I replaced mine. Rudy has exact same as original and I'd suggest you use that. 'kinking' at corners is an issue. I built wood forms to duplicate the hull deck joint corners - 3 forms (stern P and S, bow). The base rail comes in 25' sections - 3 needed. (The insert comes in a continuous length.) I bent the 3 pieces 'on the bench' using my wood forms with one bend in each and located so that the 3 pieces fit on the boat with an overlap at the joints. Then as the last step after the rail is almost completely installed, cut the joints to length. (Like fitting wallpaper joints that doesn't have pretrimmed edges.) Space it so the joint at the stern is NOT at the center but is offset. The insert will join at the stern center and you don't want the base and the insert joint at the same place.
Use some pieces of the old rail to practice bends. I heated with a heat gun. Using the wood templates, you can put screws into the center (under the insert) of the rail to hold it in place as you bend it. Practice also allows you to experiment with just the right pie shaped cutouts to get it to fit around the corner without gaps or bulges. Mine finished up fitting better than the original.
The insert will shrink over time. I warmed it with a heat gun as I installed it (you definitely need a heat gun at the corners) and kept pushing it back towards the installed end (compressing it sort of) as I went. Even after several years I only have about a 1/2" gap at the insert joint.
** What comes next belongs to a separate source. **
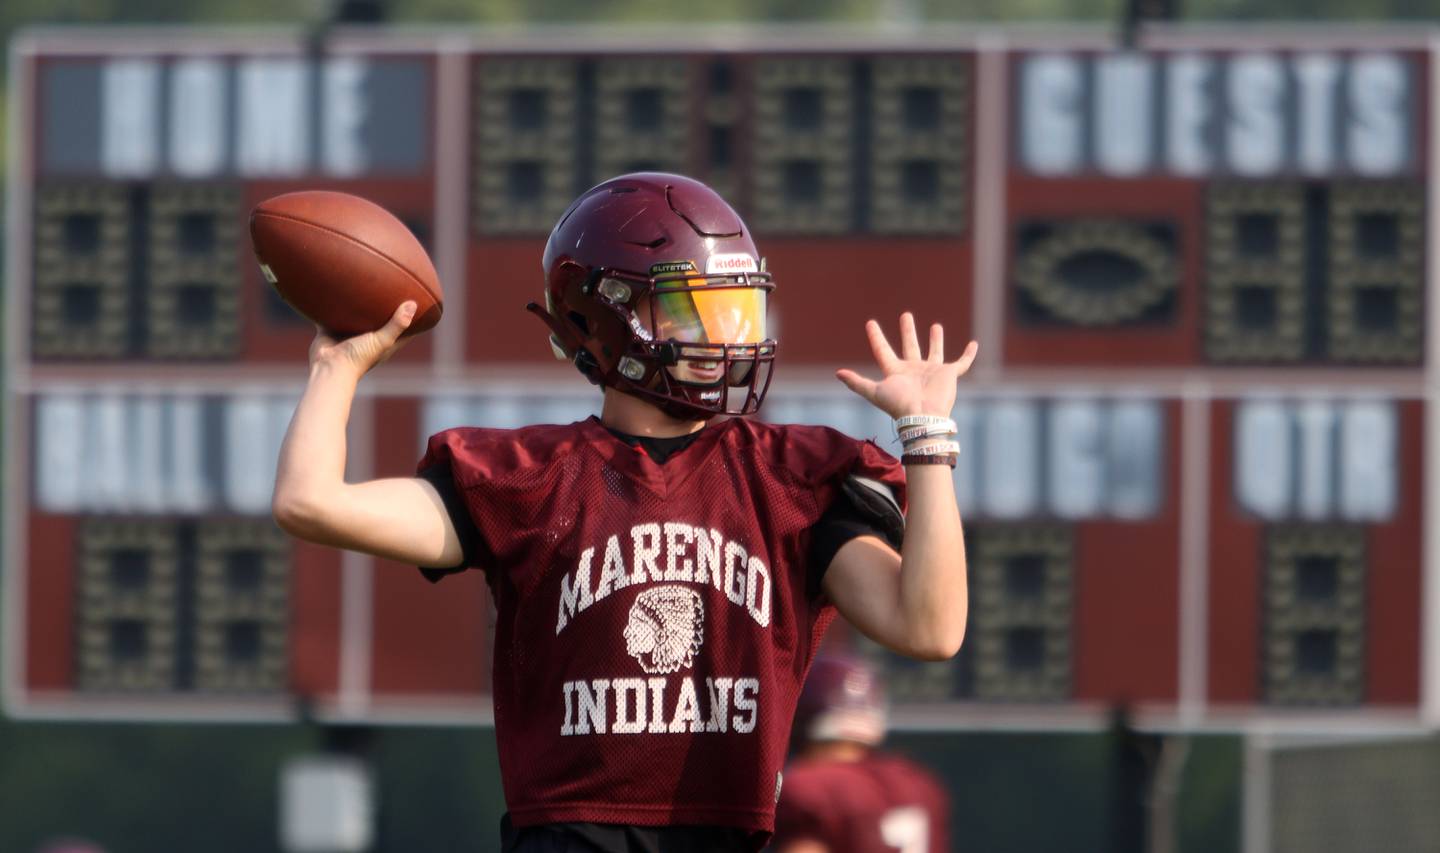 David Lopez throws the ball during Marengo High School football practice Tuesday morning.

Use a square and put a pencil mark on the hull as an alignment mark for the screws and you can reuse the same holes without any problem. I drilled oversize holes in the rail to aid in alignment and give some allowance for thermal length changes in the rail. I used truss head screws without washers. (McMaster Carr has them.)
The rail is not cheap and a fair amount of work but will come out looking better than new.